Throughout the 1980s and 1990s, conservationists and birders worked together to officially designate this area a nature preserve and bird sanctuary. It opened to the public in July 2001.
== Birding ==
Montrose Point Bird Sanctuary is often visited during spring and fall migration. Passerines, as well as many other birds, often use the sanctuary as a stopover during their biannual migration. During peak birding season, there are often reports of the central meadow holding large numbers of sparrows, notably LeConte's, white-crowned, Lincoln's and fox.
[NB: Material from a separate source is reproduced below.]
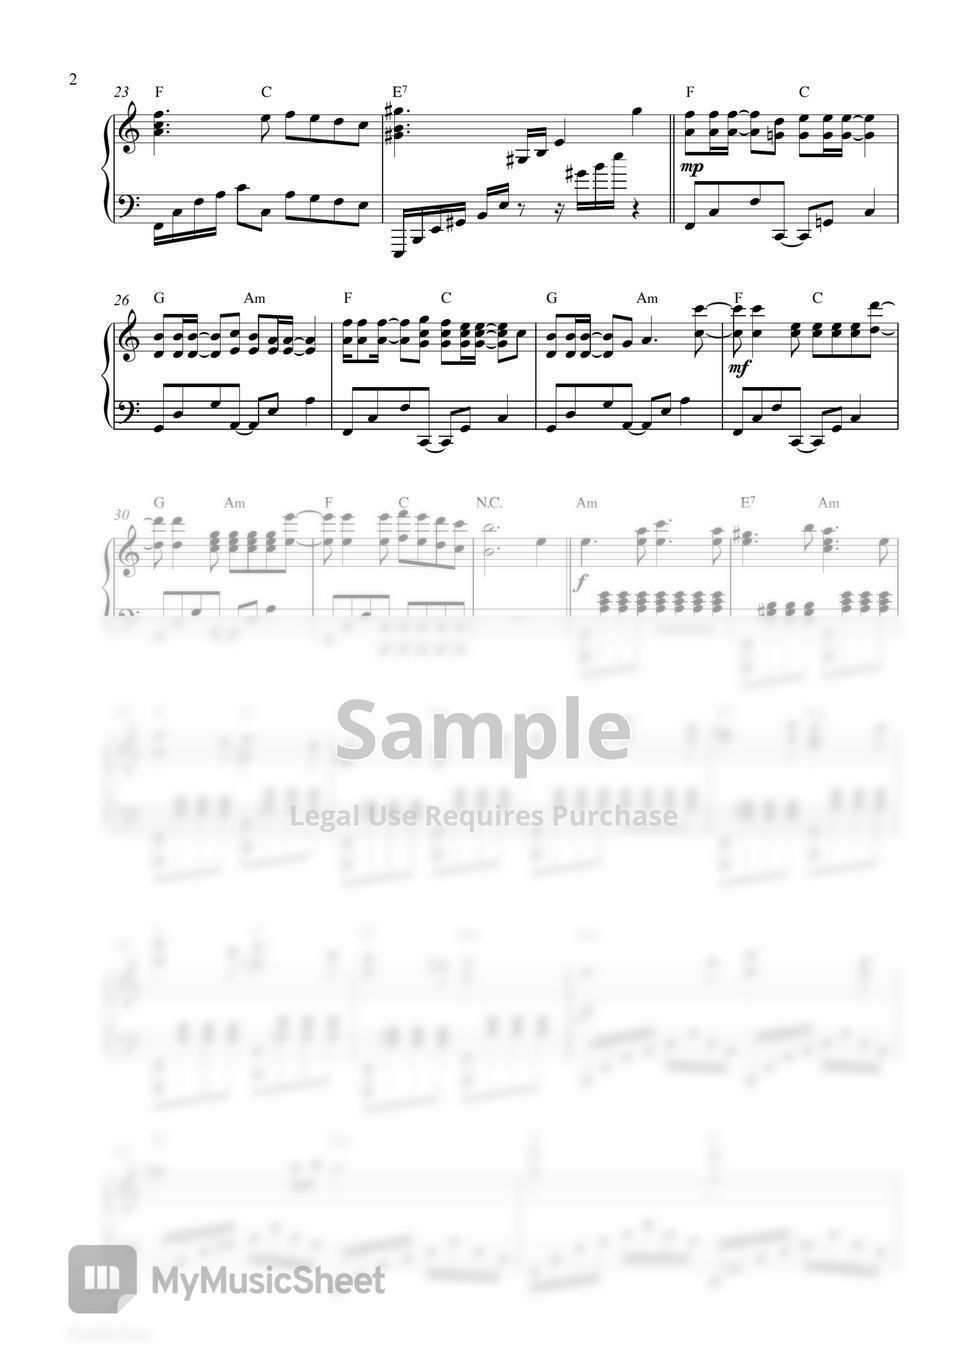 Alan Walker - Lovesick (Piano Sheet) by Pianella Piano

In winter, the sanctuary is reported to have roosting owls, including northern saw-whet and snowy owl.

=== Monty and Rose ===
In 2019, two piping plovers nested at Montrose Beach, becoming the first nesting Piping Plover pair in the city since 1948. They were named Monty and Rose after their nesting spot.

== History ==
Montrose Point was man-made in the 1930s during the Montrose Harbor Extension. Alfred Caldwell developed plans for the planting of various flora on the Point, but these plans were never implemented.

During the Cold War, Montrose Point was a Nike missile site, site C-03, for the United States Army from Oct 1955 – June 1965. Honeysuckle bushes were planted to obscure their base. After the army left, local birders noticed that the honeysuckle, nicknamed "the Magic Hedge," was attracting several birds, including the Chestnut-sided Warbler.

Historically, Montrose Point Bird Sanctuary was a community space for gay men in Chicago. Many men in these spaces were arrested for public indecency and anti-sodomy laws. In 2016, filmmaker Frederic Moffet produced a short art documentary about the sanctuary's history in relation to Chicago's gay cruising scene.

Chicago mayor Richard M. Daley signed an Urban Conservation Treaty with the United States Fish and Wildlife Service that promised to provide bird-friendly areas. Chicago then invested $400,000 into native plants for the Montrose Point Bird Sanctuary, which opened in July 2001.

Some birders were upset when Montrose Beach opened dog beaches in fall 2002, expressing concern that the dogs would scare away the birds. In 2015, the Chicago Park District produced a future renovation master plan to guide development and renovation of the area. In accordance with the plan, the sanctuary added a butterfly meadow at the west end of the site. In 2021, an ADA-accessible trail was added to the site. Relatedly, an accessible 1/3 mile long loop was added, partially funded by a grant from the Illinois Department of Natural Resources.